The Department of Government Efficiency is looking very different without its billionaire leader.
The agency, no longer helmed by Elon Musk, has been beset by staff departures, legal headaches and bureaucratic obstacles.
Once guarded by armed security, the agency no longer has a sentry stationed at the entrance to its headquarters, according to Politico’s West Wing Playbook. The “Authorized Access Only” signs that once marked its floor in the elevators at the General Services Administration are also reportedly gone.
When Donald Trump returned to the White House in January, with Musk—a top campaign donor—closely by his side, the billionaire’s ham-fisted efforts to slash the federal bureaucracy through DOGE dominated the headlines. The department canned government contracts, gutted agencies and fired thousands of federal employees, often leaving chaos in its wake.
But nearly six months in, things look very different. At the end of May, Musk exited his high-profile role, citing the expiration of the 130 days he was allowed to serve as a special government employee. Days later, simmering tensions between Musk and Trump spilled aggressively into public view—and have repeatedly flared since.

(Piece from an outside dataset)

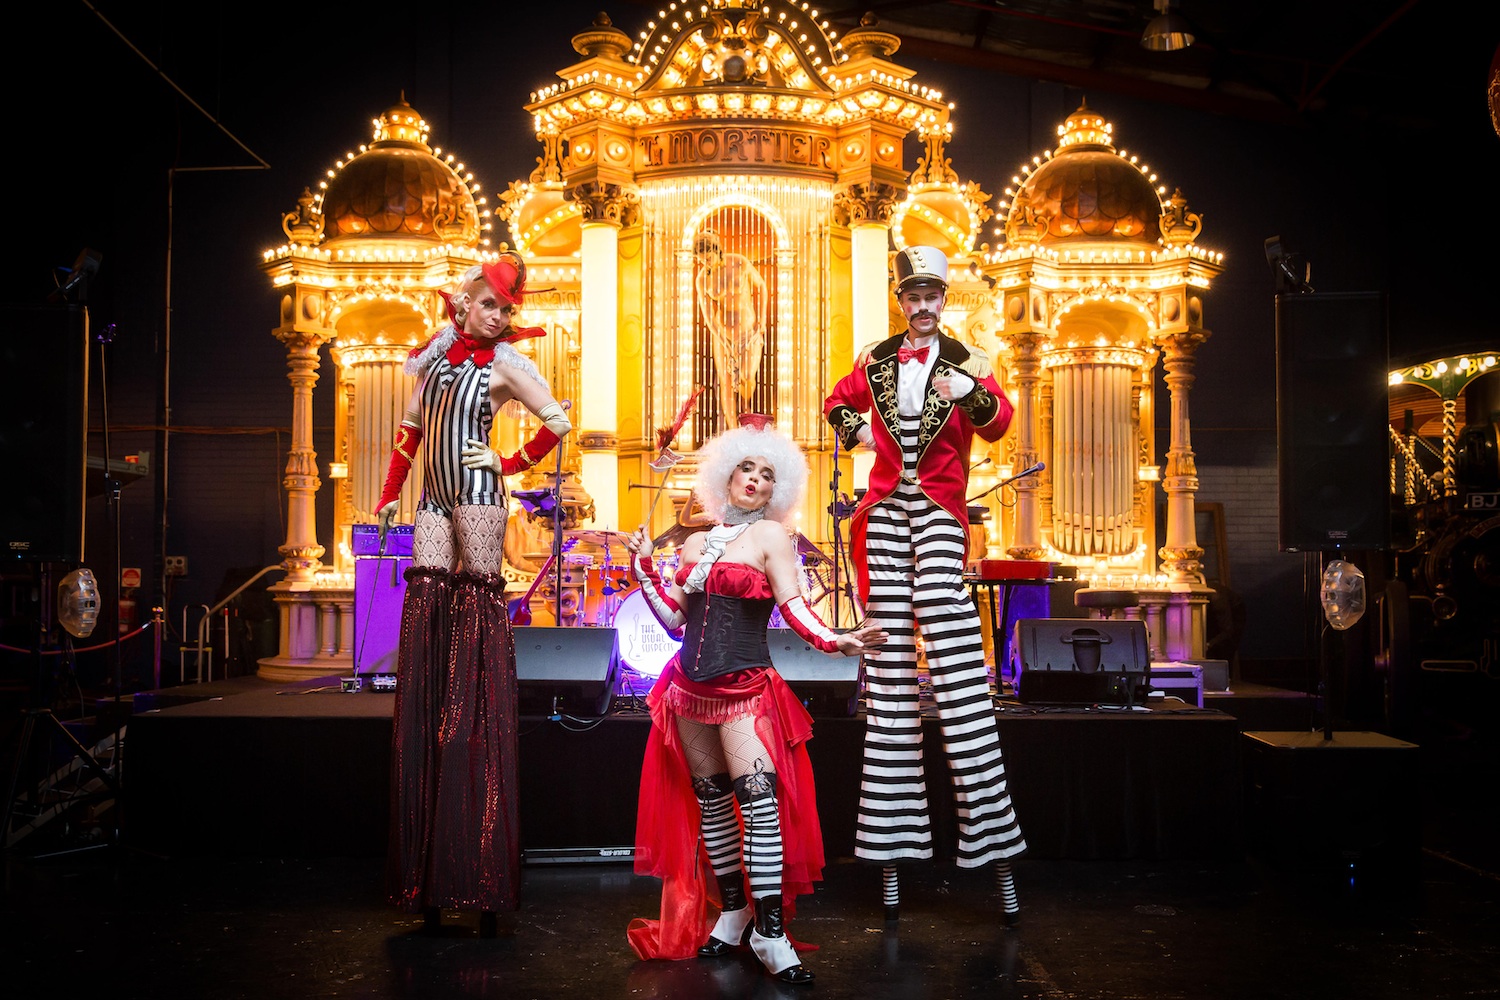 Stilt Costumes with Candy Stripe Circus Ring Mistress and Ring Master on Stilts

According to Politico, at least eight members of the original core DOGE team have left government. The departures included Musk’s right-hand man, Steve Davis, and DOGE’s communications director, Katie Miller, who is married to White House deputy chief of staff Stephen Miller. Both Davis and Miller left when Musk did.
About ten DOGE engineers have also left or are planning to leave, the newsletter said.
In March, Musk said DOGE had about 100 employees, and that he planned to double that figure. That doesn’t appear to have happened.

The White House defended DOGE’s mission in a statement to the Daily Beast, with deputy press secretary Harrison Fields insisting that Trump’s plan to “root out waste, fraud and abuse” is “moving full steam ahead.”
“Under the President’s leadership, every agency and department is executing this mission seamlessly and, as a result, has yielded more than $170 billion in savings for the American people,” he said.
The Trump administration has reportedly been scrambling to re-hire some of the people that were pushed out of their government jobs due to DOGE cuts, after understaffing became a significant problem.
Trump himself seems to have soured on DOGE’s approach a little, telling a Cabinet meeting on Tuesday, “I would have done it differently, a little bit, maybe.”
That comment follows weeks of tit-for-tat between the president and Musk. On Sunday, Trump said on social media that Musk had become a “TRAIN WRECK over the past five weeks,” and that he had gone “off the rails.”
Musk had antagonized Trump by vowing to start a new “America Party” following the passage of the “Big Beautiful Bill,” which the tech mogul was fiercely opposed to.
“The one thing Third Parties are good for is the creation of Complete and Total DISRUPTION & CHAOS,” Trump said of Musk’s idea in his Sunday Truth Social post.